◆ Data section ◆
....

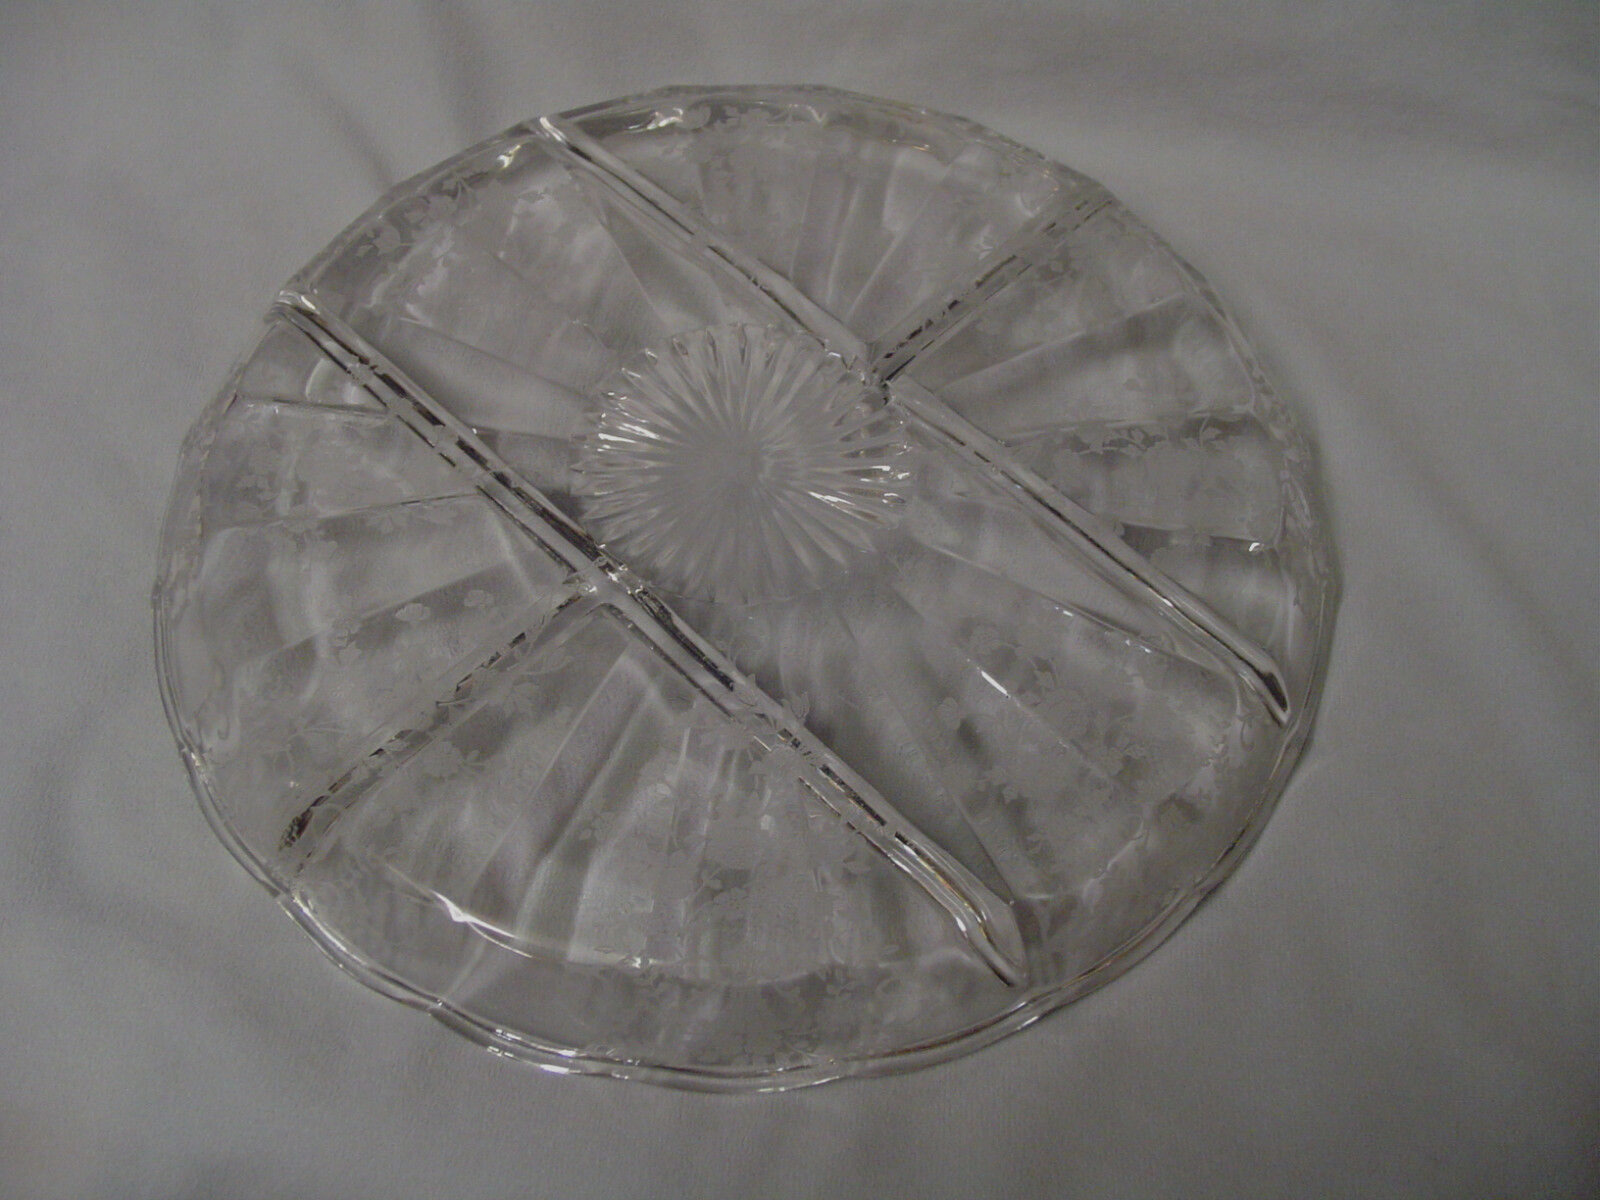 Portia By Cambridge Scalloped 5 Part Relish Clear 10.5" Across 1" Tall Vintage
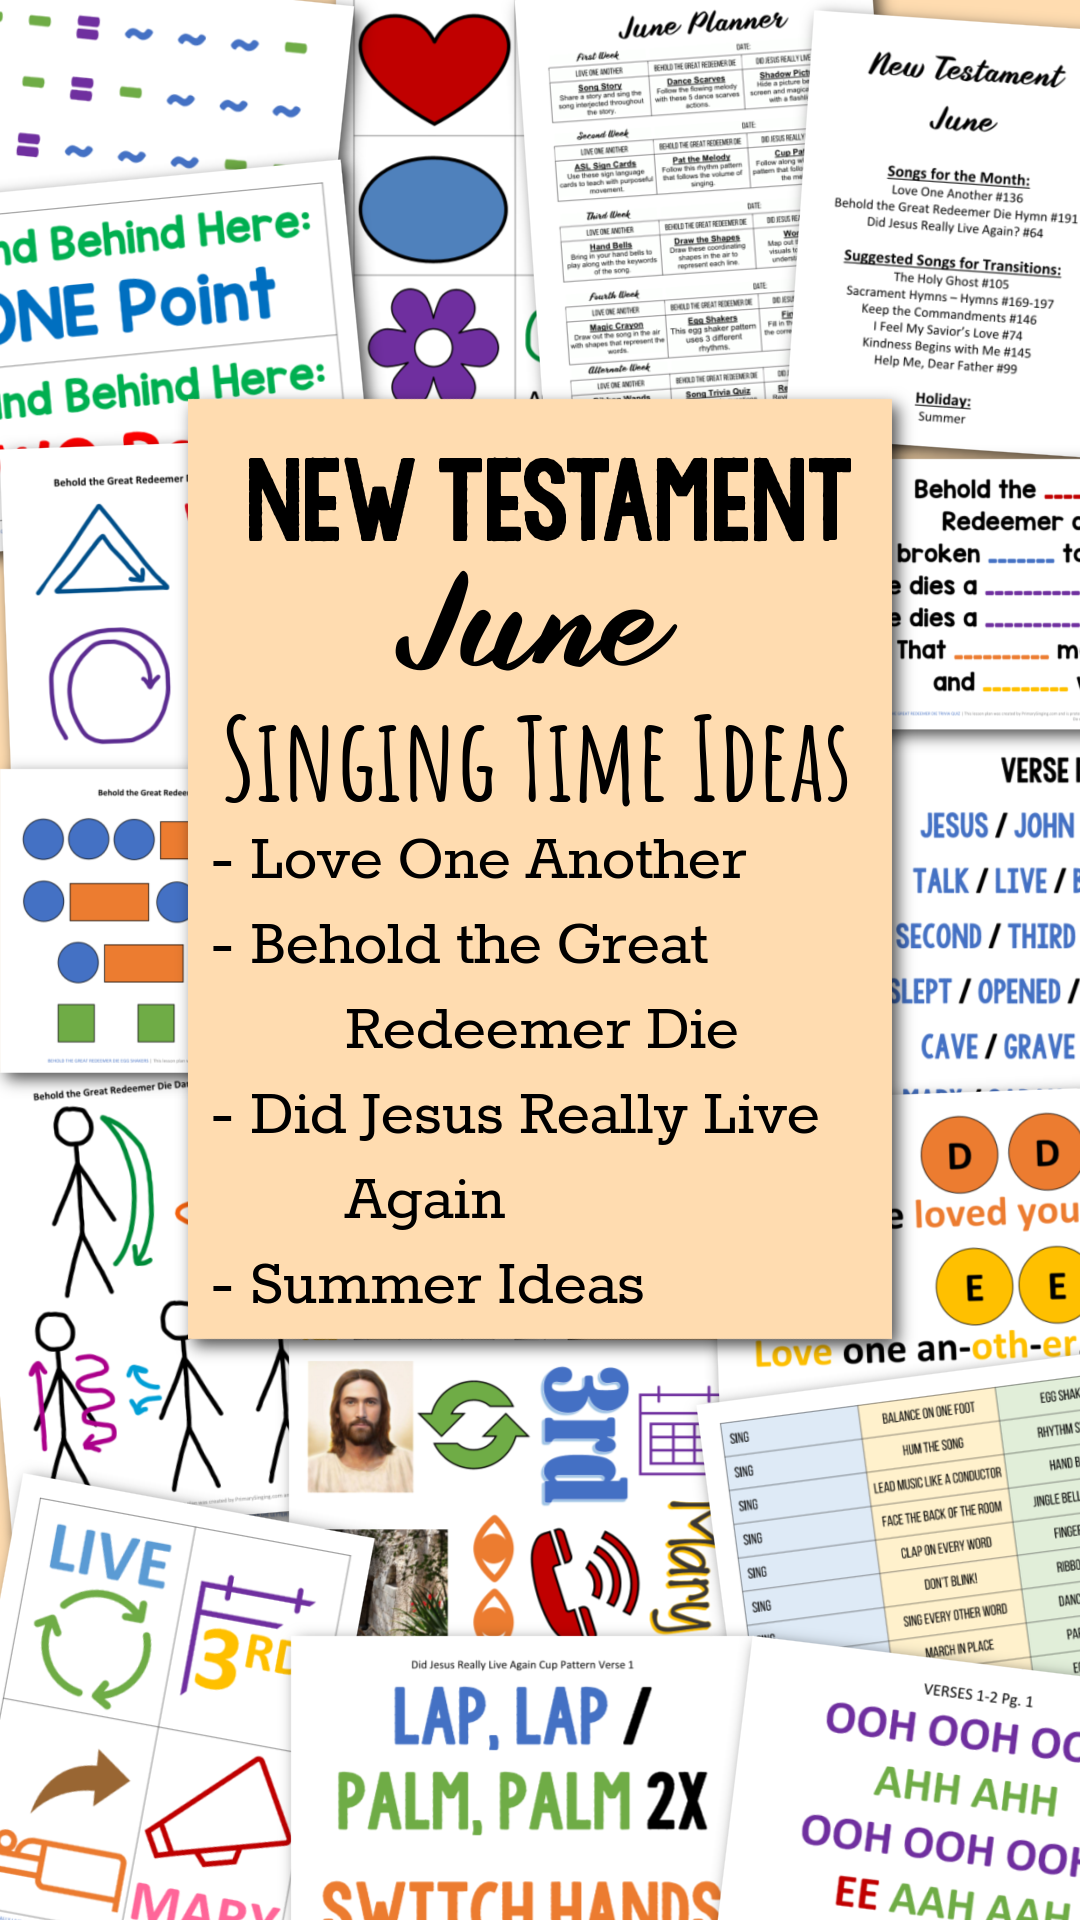 New Testament June Primary Songs List and Singing Time Teaching Packet for Come Follow Me LDS Primary Music Leaders - Includes Love One Another, Behold the Great Redeemer Die, Did Jesus Really Live Again, and summer ideas!
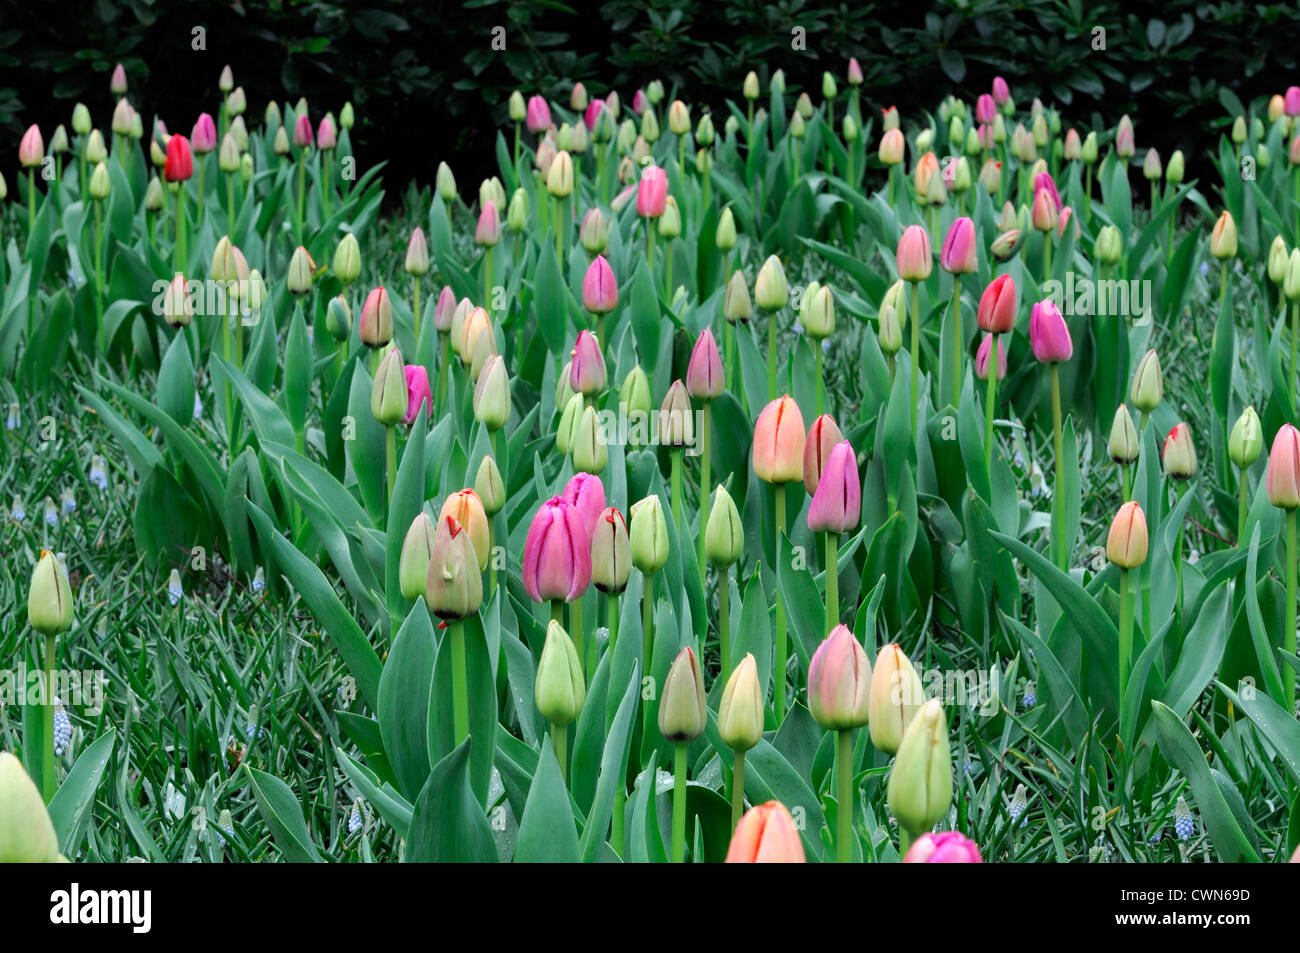 tulipa zantupink Pink tulip garden flowers spring flower bloom blossom display bed colour color bulb bulbous darwin hybrid Stock Photo
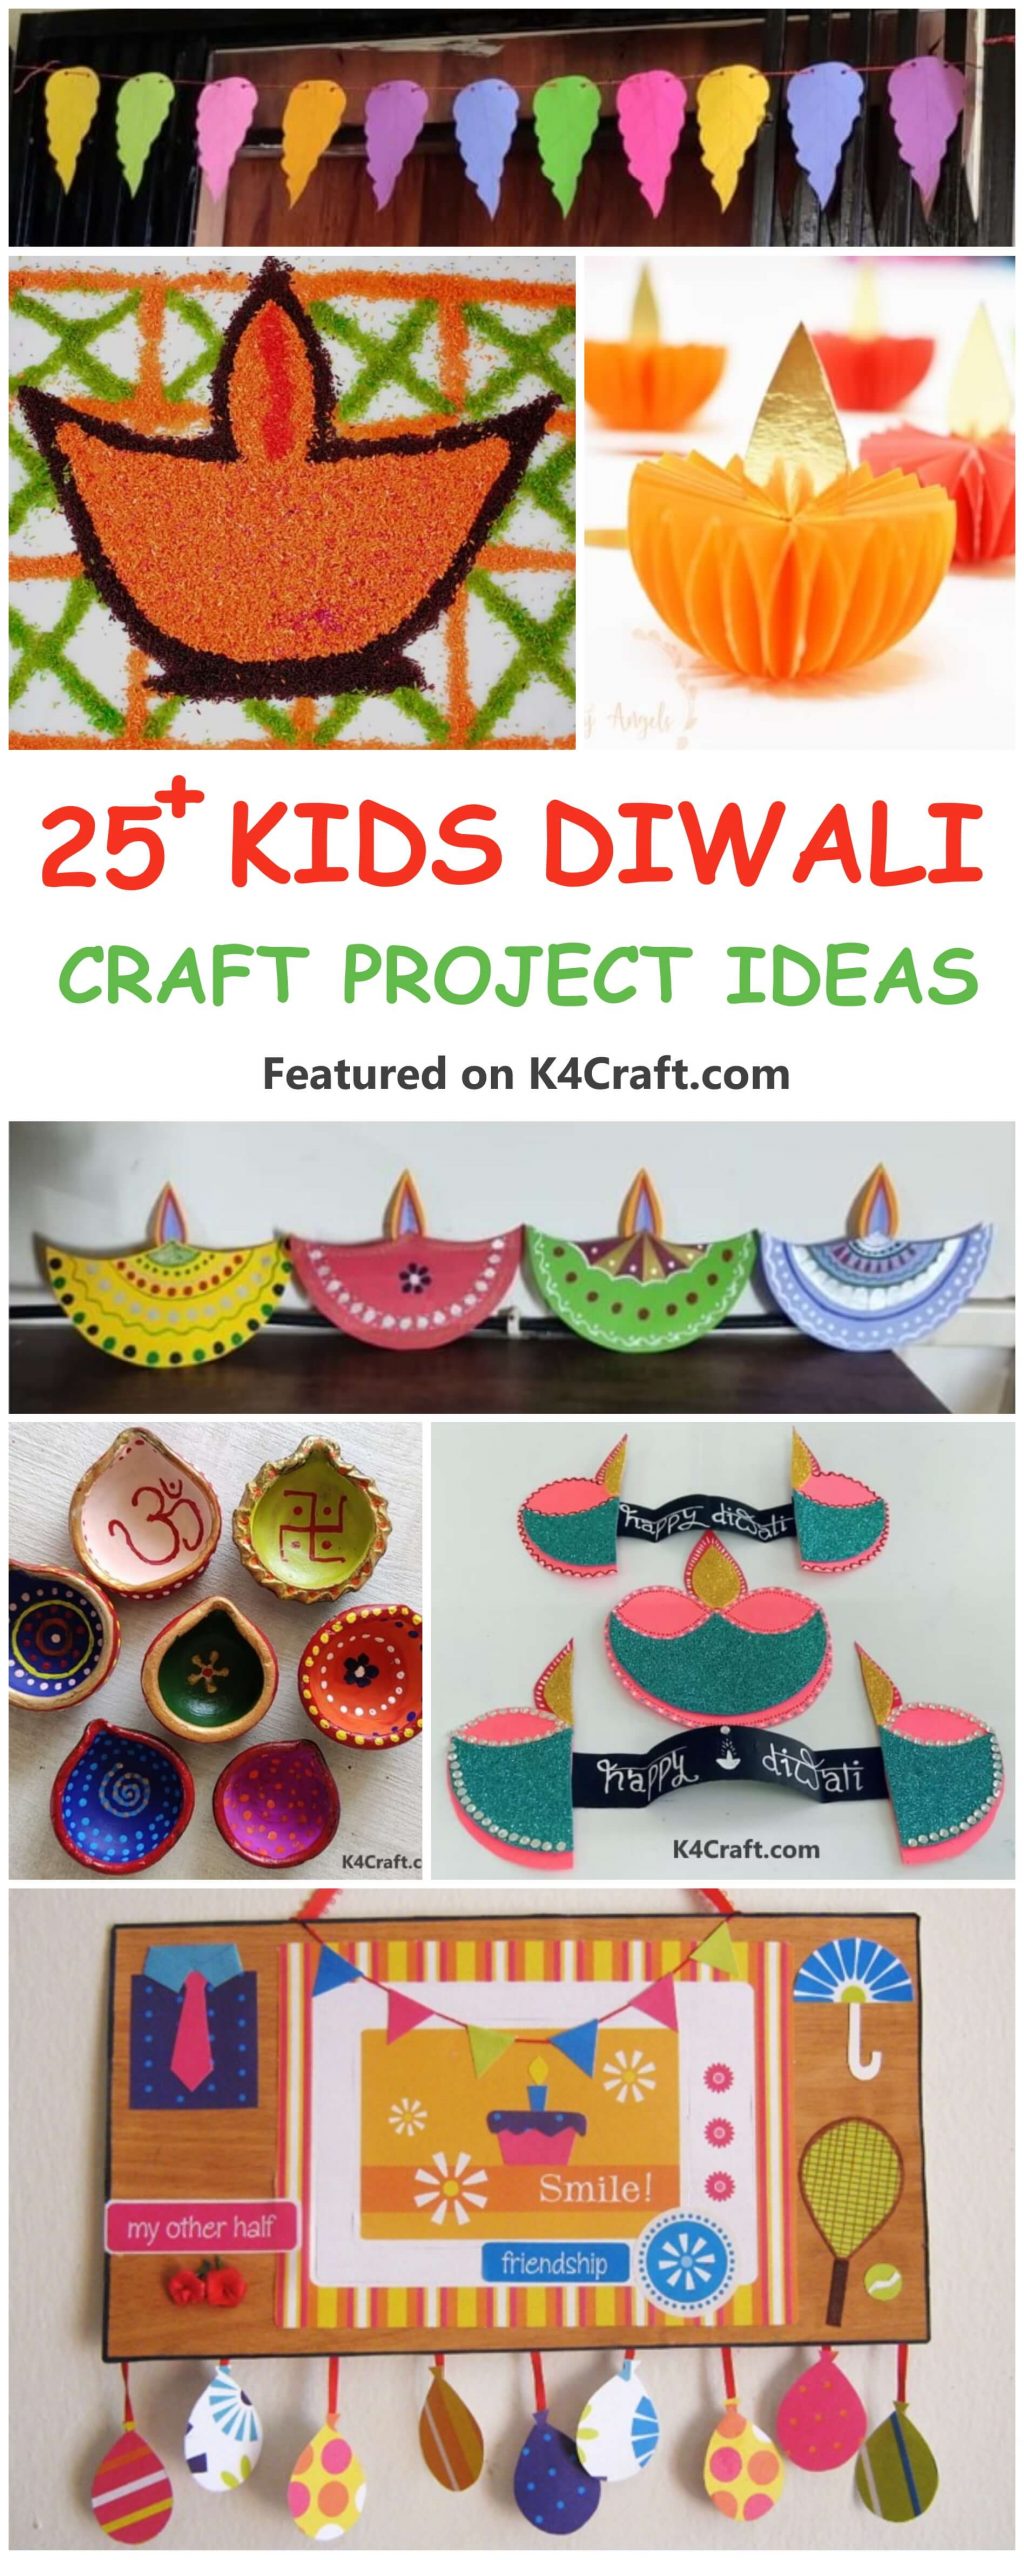 12 Easy & colourful Deepavali crafts for kids | HoneyKids Asia

....

◆ Instructions for the task ◆
Every line of the data above should be repeated exactly. Omit the pictures.

◆ Answer to this exercise ◆
 Portia By Cambridge Scalloped 5 Part Relish Clear 10.5" Across 1" Tall Vintage
 New Testament June Primary Songs List and Singing Time Teaching Packet for Come Follow Me LDS Primary Music Leaders - Includes Love One Another, Behold the Great Redeemer Die, Did Jesus Really Live Again, and summer ideas!
 tulipa zantupink Pink tulip garden flowers spring flower bloom blossom display bed colour color bulb bulbous darwin hybrid Stock Photo
 12 Easy & colourful Deepavali crafts for kids | HoneyKids Asia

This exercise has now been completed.